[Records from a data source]
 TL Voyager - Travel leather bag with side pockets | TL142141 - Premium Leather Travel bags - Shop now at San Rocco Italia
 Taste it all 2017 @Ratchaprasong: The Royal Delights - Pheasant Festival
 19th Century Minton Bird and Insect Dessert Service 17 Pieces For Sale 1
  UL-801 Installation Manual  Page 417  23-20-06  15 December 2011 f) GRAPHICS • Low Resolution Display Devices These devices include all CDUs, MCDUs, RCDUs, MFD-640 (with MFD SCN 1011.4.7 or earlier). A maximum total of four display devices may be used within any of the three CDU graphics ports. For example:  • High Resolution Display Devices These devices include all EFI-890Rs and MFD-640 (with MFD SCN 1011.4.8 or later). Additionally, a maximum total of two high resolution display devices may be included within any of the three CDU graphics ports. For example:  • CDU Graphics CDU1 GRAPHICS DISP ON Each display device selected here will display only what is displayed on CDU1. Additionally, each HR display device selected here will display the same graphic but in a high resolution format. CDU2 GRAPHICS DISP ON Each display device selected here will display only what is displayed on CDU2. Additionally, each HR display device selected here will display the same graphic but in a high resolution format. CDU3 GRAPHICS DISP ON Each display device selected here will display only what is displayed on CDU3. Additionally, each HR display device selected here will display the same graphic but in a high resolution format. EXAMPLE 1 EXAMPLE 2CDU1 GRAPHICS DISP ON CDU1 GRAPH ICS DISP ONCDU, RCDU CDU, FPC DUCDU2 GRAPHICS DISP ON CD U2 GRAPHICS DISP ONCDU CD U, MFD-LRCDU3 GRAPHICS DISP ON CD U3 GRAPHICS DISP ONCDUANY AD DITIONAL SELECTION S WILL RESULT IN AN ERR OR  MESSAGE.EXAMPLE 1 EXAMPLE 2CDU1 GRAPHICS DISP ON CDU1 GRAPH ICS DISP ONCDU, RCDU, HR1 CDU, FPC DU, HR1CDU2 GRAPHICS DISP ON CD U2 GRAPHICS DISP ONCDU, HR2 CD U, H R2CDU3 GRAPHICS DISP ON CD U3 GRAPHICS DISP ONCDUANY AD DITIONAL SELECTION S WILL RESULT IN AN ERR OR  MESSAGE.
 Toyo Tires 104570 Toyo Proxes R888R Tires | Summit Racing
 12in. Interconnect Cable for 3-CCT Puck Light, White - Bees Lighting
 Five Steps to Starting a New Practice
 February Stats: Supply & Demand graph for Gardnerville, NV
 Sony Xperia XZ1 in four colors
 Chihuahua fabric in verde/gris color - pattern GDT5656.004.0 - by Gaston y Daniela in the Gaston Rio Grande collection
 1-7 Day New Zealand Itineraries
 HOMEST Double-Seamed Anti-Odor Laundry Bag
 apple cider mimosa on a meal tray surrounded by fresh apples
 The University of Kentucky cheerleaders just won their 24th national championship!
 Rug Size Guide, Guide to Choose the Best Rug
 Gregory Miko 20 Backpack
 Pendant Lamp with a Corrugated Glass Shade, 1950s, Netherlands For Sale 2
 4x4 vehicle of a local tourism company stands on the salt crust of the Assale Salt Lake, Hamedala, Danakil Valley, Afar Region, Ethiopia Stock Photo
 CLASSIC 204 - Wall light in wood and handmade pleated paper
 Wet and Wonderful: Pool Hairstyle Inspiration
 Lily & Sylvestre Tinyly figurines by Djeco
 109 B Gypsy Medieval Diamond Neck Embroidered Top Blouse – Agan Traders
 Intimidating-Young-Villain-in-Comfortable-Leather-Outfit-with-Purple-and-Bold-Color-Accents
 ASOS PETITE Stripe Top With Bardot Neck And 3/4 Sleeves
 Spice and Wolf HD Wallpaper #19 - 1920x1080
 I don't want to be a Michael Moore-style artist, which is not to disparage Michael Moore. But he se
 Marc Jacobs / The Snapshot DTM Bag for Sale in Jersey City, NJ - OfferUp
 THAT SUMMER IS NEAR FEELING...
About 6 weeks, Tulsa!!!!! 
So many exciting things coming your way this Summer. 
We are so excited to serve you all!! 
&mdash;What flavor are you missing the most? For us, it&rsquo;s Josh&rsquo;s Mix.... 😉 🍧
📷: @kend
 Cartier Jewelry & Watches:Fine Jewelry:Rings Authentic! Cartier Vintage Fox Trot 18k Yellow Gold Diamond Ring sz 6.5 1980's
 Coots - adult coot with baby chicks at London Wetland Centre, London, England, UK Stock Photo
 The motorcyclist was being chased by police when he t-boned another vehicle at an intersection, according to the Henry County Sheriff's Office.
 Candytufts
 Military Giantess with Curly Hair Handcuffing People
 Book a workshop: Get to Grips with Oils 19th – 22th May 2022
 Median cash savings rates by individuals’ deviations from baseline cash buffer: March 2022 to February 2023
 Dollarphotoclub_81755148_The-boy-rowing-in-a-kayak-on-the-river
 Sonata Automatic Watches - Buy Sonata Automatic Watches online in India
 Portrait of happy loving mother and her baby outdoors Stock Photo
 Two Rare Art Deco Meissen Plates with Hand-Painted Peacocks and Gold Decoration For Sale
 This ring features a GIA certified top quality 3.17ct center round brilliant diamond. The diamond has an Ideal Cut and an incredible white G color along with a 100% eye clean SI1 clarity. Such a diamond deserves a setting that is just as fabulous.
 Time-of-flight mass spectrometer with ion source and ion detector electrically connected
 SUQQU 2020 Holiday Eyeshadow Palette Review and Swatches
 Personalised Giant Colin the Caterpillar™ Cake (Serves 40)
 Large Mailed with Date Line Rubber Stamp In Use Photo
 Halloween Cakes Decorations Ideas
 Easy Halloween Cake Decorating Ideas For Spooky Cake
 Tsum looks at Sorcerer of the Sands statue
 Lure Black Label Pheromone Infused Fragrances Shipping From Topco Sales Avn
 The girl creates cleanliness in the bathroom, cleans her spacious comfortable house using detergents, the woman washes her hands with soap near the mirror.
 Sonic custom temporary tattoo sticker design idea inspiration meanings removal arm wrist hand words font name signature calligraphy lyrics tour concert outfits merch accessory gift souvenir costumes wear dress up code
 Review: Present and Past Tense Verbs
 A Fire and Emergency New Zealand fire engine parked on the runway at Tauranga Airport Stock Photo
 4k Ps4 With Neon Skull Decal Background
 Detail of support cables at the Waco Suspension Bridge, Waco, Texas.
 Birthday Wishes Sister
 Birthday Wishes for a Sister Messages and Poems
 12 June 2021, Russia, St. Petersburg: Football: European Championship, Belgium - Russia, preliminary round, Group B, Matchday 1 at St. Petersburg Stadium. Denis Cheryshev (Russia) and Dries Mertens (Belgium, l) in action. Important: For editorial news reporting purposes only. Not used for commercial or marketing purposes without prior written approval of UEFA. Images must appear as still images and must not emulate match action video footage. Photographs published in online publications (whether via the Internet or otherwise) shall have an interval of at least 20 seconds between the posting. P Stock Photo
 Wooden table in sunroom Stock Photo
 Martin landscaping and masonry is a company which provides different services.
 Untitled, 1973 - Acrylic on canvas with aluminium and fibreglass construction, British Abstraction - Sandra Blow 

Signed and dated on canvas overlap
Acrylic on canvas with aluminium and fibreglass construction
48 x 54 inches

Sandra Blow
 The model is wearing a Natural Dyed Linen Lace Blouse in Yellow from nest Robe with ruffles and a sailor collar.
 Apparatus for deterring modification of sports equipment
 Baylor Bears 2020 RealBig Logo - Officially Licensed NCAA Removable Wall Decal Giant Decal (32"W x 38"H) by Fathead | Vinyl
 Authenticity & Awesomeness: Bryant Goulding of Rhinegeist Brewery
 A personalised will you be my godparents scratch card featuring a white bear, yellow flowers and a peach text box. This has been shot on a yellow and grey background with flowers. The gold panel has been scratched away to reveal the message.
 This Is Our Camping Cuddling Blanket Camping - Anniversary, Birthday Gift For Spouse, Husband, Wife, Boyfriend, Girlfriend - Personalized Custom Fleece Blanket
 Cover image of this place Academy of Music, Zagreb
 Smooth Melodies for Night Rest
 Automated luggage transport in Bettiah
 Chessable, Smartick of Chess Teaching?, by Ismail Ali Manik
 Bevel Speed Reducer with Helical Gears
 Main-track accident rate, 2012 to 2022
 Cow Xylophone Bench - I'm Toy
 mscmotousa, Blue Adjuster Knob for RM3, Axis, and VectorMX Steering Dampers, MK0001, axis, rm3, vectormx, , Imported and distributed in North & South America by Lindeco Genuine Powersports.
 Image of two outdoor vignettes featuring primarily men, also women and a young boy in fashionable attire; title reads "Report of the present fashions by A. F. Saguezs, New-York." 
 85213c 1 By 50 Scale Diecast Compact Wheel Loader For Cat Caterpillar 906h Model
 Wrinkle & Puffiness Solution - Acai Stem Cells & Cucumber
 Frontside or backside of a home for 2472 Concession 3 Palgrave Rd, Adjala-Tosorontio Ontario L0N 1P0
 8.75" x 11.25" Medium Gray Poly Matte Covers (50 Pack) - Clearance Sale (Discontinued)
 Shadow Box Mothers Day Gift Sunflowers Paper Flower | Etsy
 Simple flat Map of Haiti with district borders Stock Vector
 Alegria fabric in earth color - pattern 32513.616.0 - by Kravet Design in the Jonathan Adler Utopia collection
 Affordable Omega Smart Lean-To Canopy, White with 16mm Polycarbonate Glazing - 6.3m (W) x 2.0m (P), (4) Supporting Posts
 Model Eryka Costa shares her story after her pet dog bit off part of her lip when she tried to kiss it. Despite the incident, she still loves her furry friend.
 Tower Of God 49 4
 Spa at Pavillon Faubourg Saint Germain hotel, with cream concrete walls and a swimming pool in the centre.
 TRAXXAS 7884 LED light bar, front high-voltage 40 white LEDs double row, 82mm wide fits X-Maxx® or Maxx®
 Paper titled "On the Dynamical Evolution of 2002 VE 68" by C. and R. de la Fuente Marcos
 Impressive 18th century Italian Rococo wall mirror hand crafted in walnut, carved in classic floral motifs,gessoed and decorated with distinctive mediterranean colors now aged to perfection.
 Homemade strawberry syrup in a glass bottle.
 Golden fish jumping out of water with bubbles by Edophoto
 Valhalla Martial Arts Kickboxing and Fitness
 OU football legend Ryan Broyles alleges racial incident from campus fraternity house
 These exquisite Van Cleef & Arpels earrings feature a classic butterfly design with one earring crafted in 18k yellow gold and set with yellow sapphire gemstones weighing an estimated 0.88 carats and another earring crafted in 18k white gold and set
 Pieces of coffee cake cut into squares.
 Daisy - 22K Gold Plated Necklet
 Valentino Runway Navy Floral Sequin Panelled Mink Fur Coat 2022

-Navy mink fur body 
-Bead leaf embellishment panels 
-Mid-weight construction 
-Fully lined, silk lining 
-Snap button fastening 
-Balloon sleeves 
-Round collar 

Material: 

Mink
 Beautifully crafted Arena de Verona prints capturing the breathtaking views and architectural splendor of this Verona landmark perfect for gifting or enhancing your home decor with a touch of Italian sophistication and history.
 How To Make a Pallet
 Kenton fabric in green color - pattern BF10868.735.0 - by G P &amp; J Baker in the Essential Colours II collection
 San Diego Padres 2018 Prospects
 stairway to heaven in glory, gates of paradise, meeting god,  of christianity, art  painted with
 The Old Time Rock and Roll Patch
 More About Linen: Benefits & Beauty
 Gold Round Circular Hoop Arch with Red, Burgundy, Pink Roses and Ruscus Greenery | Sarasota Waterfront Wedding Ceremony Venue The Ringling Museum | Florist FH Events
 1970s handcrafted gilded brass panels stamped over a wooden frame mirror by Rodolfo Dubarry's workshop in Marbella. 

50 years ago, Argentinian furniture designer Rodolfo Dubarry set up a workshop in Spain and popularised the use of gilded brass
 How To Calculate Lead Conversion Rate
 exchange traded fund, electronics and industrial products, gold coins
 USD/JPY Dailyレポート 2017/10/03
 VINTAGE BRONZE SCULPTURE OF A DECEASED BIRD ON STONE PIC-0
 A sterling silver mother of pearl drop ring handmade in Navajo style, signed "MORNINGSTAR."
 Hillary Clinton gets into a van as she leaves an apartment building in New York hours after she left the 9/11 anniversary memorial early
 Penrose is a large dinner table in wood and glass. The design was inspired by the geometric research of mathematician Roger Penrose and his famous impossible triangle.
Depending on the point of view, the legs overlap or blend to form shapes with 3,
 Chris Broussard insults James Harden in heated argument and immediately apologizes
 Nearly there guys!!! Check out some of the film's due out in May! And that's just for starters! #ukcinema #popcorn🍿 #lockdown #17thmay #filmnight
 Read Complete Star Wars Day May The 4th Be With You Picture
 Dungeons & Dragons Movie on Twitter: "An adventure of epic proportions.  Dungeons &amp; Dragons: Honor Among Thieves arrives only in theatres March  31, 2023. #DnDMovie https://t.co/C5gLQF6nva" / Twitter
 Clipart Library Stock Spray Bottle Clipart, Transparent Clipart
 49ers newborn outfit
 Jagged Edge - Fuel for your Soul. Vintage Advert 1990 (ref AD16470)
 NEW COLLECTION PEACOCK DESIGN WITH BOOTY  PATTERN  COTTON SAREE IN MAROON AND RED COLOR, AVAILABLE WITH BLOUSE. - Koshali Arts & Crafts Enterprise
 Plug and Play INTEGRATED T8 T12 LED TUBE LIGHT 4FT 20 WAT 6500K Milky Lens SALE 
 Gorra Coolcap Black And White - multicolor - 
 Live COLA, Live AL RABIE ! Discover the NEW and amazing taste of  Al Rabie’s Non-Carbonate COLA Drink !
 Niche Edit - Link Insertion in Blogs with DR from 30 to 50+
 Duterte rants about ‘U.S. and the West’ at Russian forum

What this task involves ::
Every line that contains the string "fibreglass" should be copied from the entries.

Solution to this exercise ::
 Untitled, 1973 - Acrylic on canvas with aluminium and fibreglass construction, British Abstraction - Sandra Blow 
Acrylic on canvas with aluminium and fibreglass construction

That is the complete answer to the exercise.